Re: High checkpoint_segments

From: Venkat Balaji <venkat(dot)balaji(at)verse(dot)in>
To: Tomas Vondra <tv(at)fuzzy(dot)cz>
Cc: Scott Marlowe <scott(dot)marlowe(at)gmail(dot)com>, Jay Levitt <jay(dot)levitt(at)gmail(dot)com>, "pgsql-general(at)postgresql(dot)org" <pgsql-general(at)postgresql(dot)org>
Subject: Re: High checkpoint_segments
Date: 2012-02-15 13:23:51
Message-ID: CAFrxt0jnGNy_8WM70w6g5rm14PgLn-5d3JaK_YHJp9FUwzBHcg@mail.gmail.com
Views: Raw Message | Whole Thread | Download mbox | Resend email
Thread:
Lists: pgsql-general

> > Data loss would be an issue when there is a server crash or pg_xlog crash
> > etc. That many number of pg_xlog files (1000) would contribute to huge
> > data
> > loss (data changes not synced to the base are not guaranteed).

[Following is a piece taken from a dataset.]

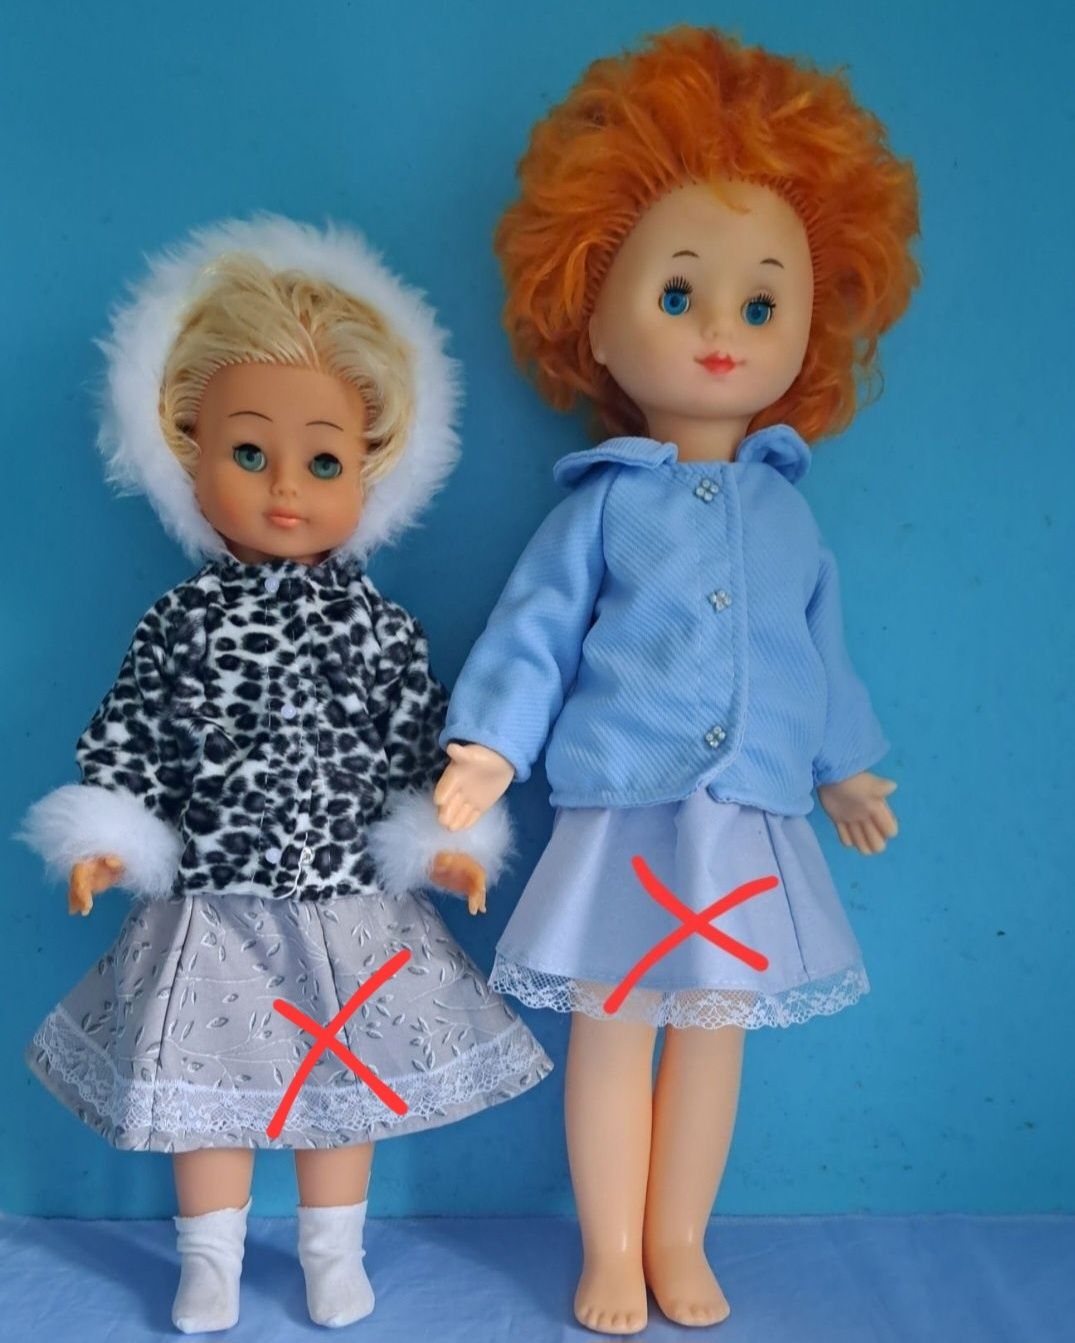 Верхняя теплая одежда: куртка, пальто, шуба на куклу СССР, ГДР 32-60см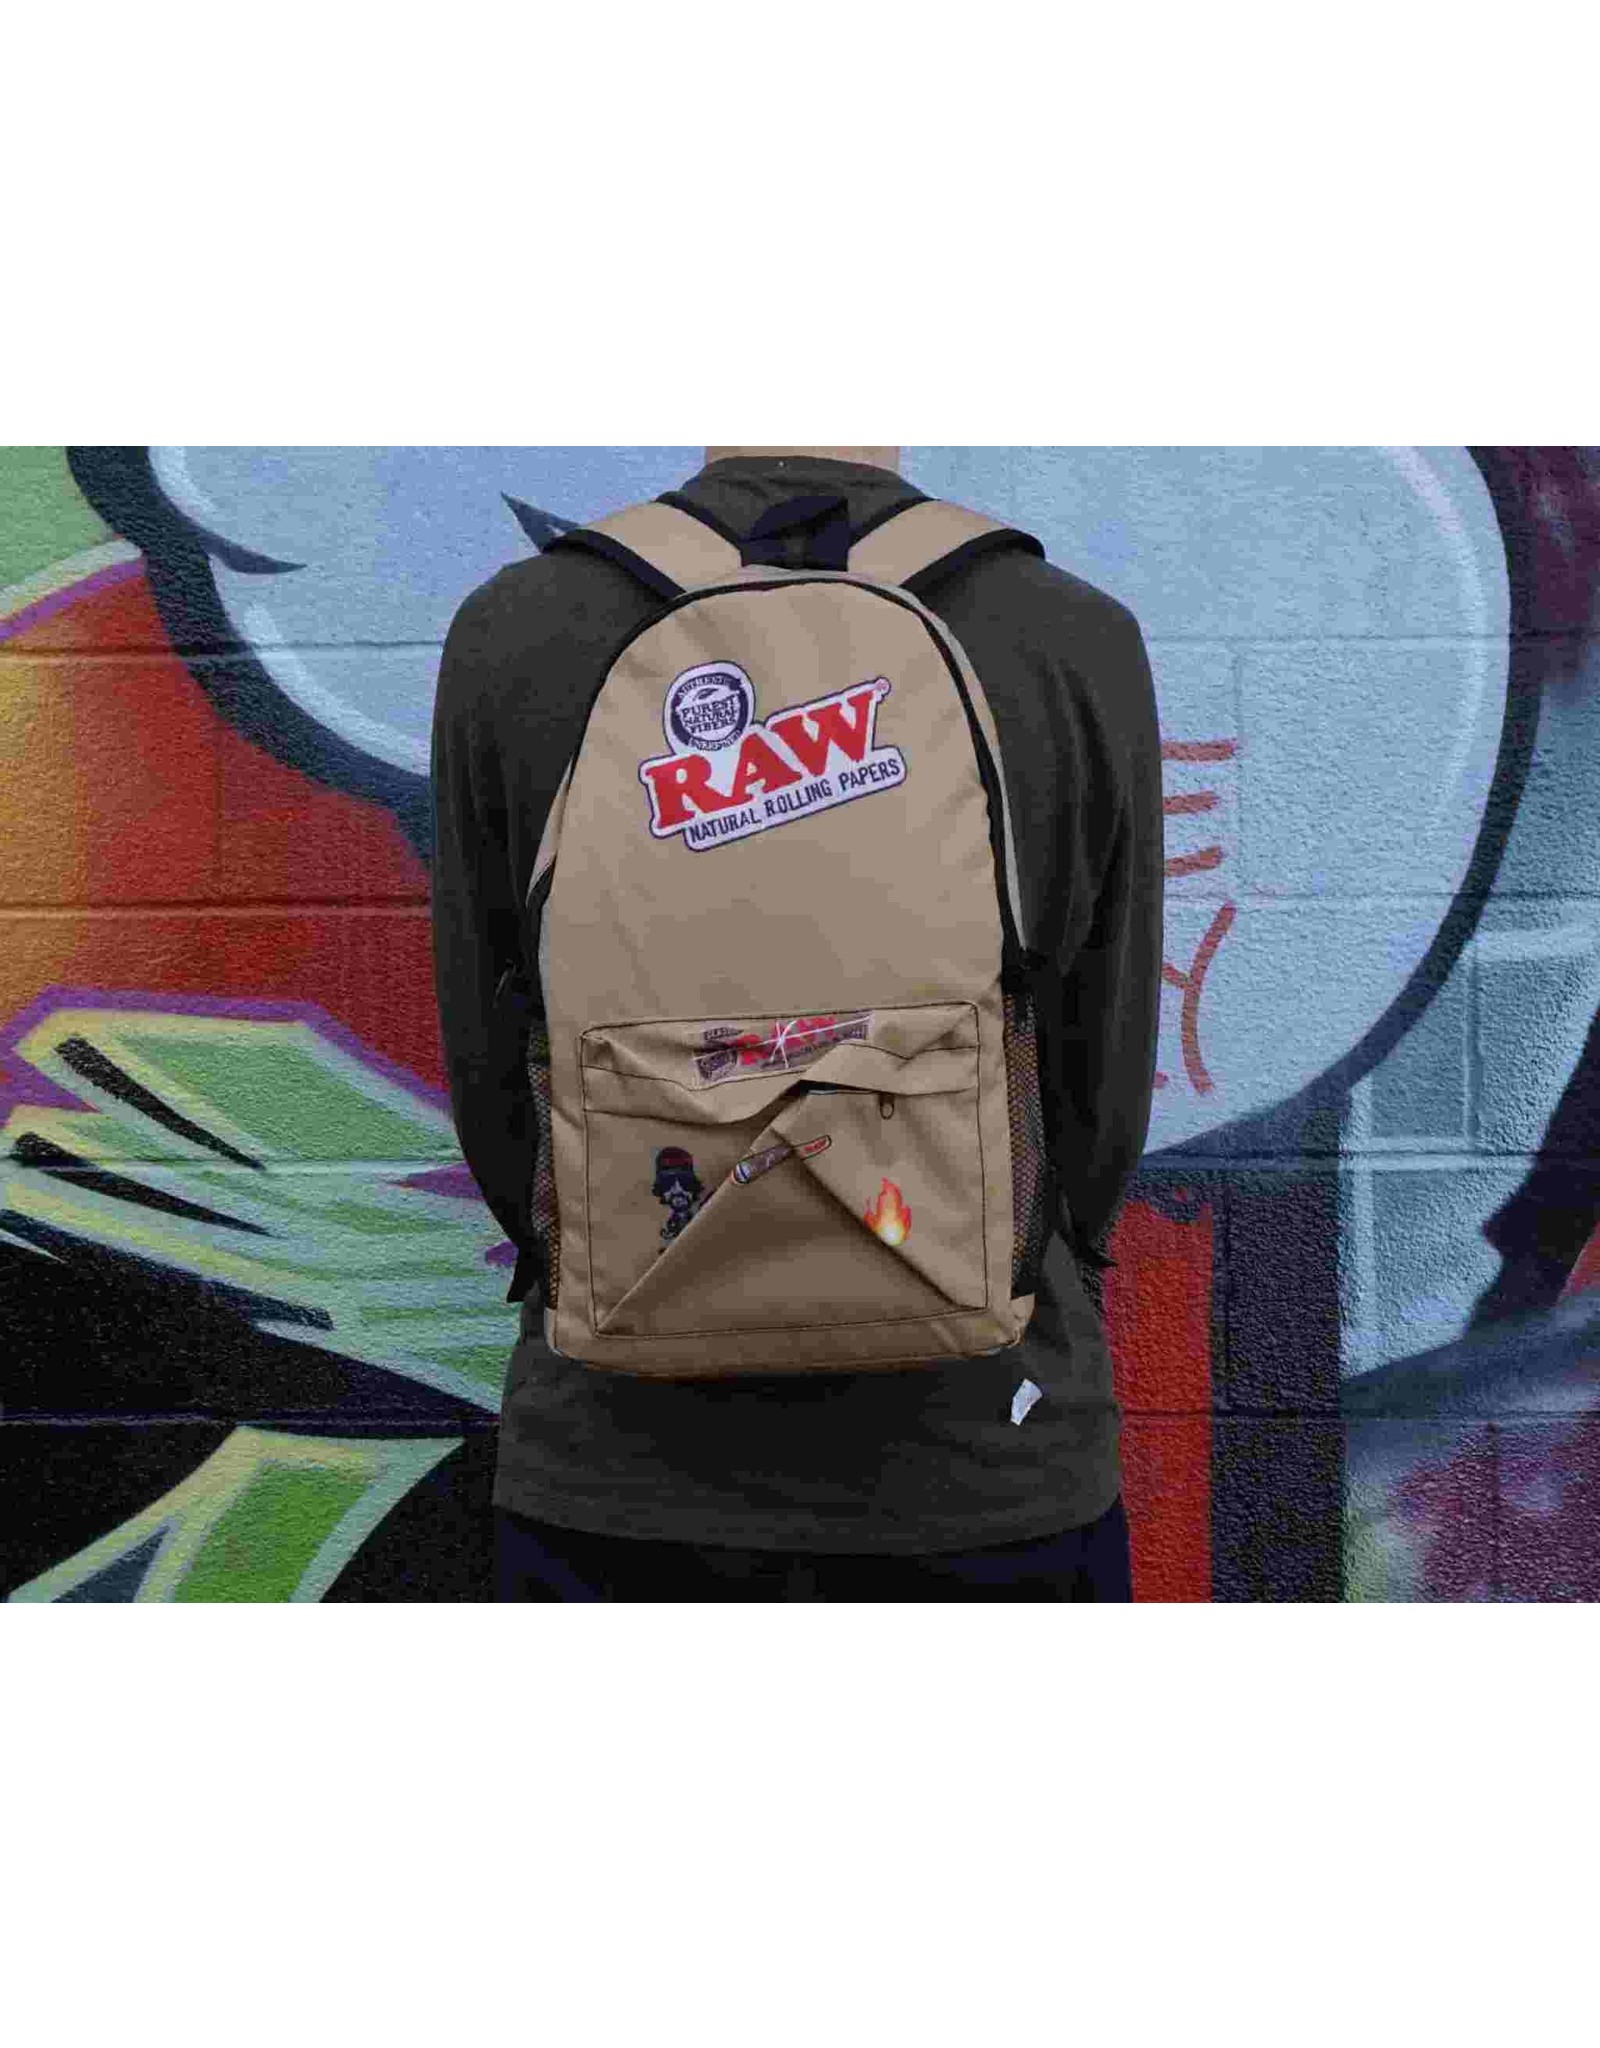 Raw Backpack - Tan

Of-course,
> > this is not related to the current situation. Normally we calculate the
> > checkpoint completion time, IO pressure, CPU load and the threat to the
> > data loss when we configure checkpoint_segments.
>
> So you're saying that by using small number of checkpoint segments you
> limit the data loss when the WAL gets corrupted/lost? That's a bit like
> buying a Maseratti and then not going faster than 10mph because you might
> crash at higher speeds ...
>

No. I am not saying that checkpoint_segments must be lower. I was just
trying to explain the IO over-head on putting high (as high as 1000)
checkpoint segments. Lower number of checkpoint segments will lead to more
frequent IOs which is not good. Agreed.

>
> The problem here is that the WAL is usually placed on more reliable drives
> (compared to the data files) or a RAID1 array and as it's just writing
> data sequentially, so the usage pattern is much less likely to cause
> data/drive corruption (compared to data files that need to handle a lot of
> random I/O, etc.).
>

Agreed.

> So while it possible the WAL might get corrupted, the probability of data
> file corruption is much higher. And the corruption might easily happen
> silently during a checkpoint, so there won't be any WAL segments no matter
> how many of them you keep ...
>

Agreed. When corruption occurs, it really does not matter how many WAL
segments are kept in pg_xlog.
But, at any point of time if PG needs

> And by using low number of checkpoint segments it actually gets worse,
> because it means more frequent checkpoints -> more I/O on the drives ->
> more wearout of the drives etc.
>

Completely agreed. As mentioned above. I choose checkpoint_segments and
checkpoint_timeout once i observe the checkpoint behavior.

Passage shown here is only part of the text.